(Recorded data)

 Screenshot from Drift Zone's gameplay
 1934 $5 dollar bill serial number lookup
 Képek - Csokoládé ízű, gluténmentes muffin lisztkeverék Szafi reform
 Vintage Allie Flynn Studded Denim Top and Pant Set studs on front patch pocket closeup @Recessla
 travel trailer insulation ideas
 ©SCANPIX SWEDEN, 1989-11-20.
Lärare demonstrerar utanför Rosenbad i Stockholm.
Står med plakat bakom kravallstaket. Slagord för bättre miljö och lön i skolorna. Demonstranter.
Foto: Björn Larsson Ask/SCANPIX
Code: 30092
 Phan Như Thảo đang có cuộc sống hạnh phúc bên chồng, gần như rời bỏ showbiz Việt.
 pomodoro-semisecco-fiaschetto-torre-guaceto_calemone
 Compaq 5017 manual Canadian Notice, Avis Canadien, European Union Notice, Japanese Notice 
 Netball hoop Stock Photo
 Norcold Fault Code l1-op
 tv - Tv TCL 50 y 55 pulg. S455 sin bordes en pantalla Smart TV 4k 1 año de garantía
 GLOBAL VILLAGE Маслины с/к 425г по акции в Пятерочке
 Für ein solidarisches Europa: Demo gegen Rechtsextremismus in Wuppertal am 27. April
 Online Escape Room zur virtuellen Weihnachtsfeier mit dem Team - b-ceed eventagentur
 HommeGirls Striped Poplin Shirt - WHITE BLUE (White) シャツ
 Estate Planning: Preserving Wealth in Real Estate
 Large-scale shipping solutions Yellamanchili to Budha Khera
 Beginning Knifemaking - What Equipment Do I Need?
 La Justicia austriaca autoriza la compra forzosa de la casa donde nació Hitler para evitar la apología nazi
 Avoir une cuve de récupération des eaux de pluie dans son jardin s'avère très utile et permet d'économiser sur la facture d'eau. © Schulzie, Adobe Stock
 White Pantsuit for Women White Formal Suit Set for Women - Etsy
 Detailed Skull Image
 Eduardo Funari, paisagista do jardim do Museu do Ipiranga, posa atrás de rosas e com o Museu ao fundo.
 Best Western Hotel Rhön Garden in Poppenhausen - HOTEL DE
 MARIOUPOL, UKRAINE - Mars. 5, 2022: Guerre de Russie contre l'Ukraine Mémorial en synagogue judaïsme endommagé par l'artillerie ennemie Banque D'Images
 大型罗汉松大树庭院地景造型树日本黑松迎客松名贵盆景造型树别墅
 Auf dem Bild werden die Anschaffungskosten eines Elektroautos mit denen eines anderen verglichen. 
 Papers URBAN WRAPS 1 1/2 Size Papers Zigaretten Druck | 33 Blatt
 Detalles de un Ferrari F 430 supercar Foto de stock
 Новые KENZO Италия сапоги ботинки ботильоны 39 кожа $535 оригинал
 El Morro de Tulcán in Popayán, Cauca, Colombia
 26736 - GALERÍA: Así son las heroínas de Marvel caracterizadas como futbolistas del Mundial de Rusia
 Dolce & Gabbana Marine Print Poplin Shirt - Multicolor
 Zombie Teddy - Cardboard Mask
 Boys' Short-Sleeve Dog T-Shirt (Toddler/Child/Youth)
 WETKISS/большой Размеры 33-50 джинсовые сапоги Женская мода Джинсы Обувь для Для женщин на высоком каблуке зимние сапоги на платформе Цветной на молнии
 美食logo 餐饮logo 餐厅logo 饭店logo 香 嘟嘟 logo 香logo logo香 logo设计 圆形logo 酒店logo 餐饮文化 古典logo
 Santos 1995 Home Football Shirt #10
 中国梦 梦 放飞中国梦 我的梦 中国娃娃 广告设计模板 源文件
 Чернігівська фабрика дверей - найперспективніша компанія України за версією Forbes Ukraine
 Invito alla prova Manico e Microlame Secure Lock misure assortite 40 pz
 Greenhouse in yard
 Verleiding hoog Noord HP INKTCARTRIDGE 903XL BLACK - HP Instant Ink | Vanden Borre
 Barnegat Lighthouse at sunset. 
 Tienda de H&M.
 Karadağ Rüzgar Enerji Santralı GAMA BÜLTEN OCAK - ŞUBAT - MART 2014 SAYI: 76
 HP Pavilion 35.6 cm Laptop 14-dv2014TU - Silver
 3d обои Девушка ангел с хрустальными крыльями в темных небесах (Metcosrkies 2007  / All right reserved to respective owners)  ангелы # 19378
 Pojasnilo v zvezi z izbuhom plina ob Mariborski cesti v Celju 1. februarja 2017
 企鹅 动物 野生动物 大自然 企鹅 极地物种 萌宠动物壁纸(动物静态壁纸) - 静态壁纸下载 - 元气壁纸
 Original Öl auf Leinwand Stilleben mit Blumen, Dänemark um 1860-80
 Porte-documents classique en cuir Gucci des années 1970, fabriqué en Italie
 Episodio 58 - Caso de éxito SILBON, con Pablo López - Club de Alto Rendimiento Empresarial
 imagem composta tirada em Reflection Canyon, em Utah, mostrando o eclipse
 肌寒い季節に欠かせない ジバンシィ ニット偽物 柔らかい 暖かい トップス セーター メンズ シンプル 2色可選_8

**WHAT YOU ARE ASKED TO DO**
Reproduce, exactly as they stand in the data above, the lines from the one that holds "Auf dem Bild" to the one that holds "El Morro de", inclusive.

**REPLY**
 Auf dem Bild werden die Anschaffungskosten eines Elektroautos mit denen eines anderen verglichen. 
 Papers URBAN WRAPS 1 1/2 Size Papers Zigaretten Druck | 33 Blatt
 Detalles de un Ferrari F 430 supercar Foto de stock
 Новые KENZO Италия сапоги ботинки ботильоны 39 кожа $535 оригинал
 El Morro de Tulcán in Popayán, Cauca, Colombia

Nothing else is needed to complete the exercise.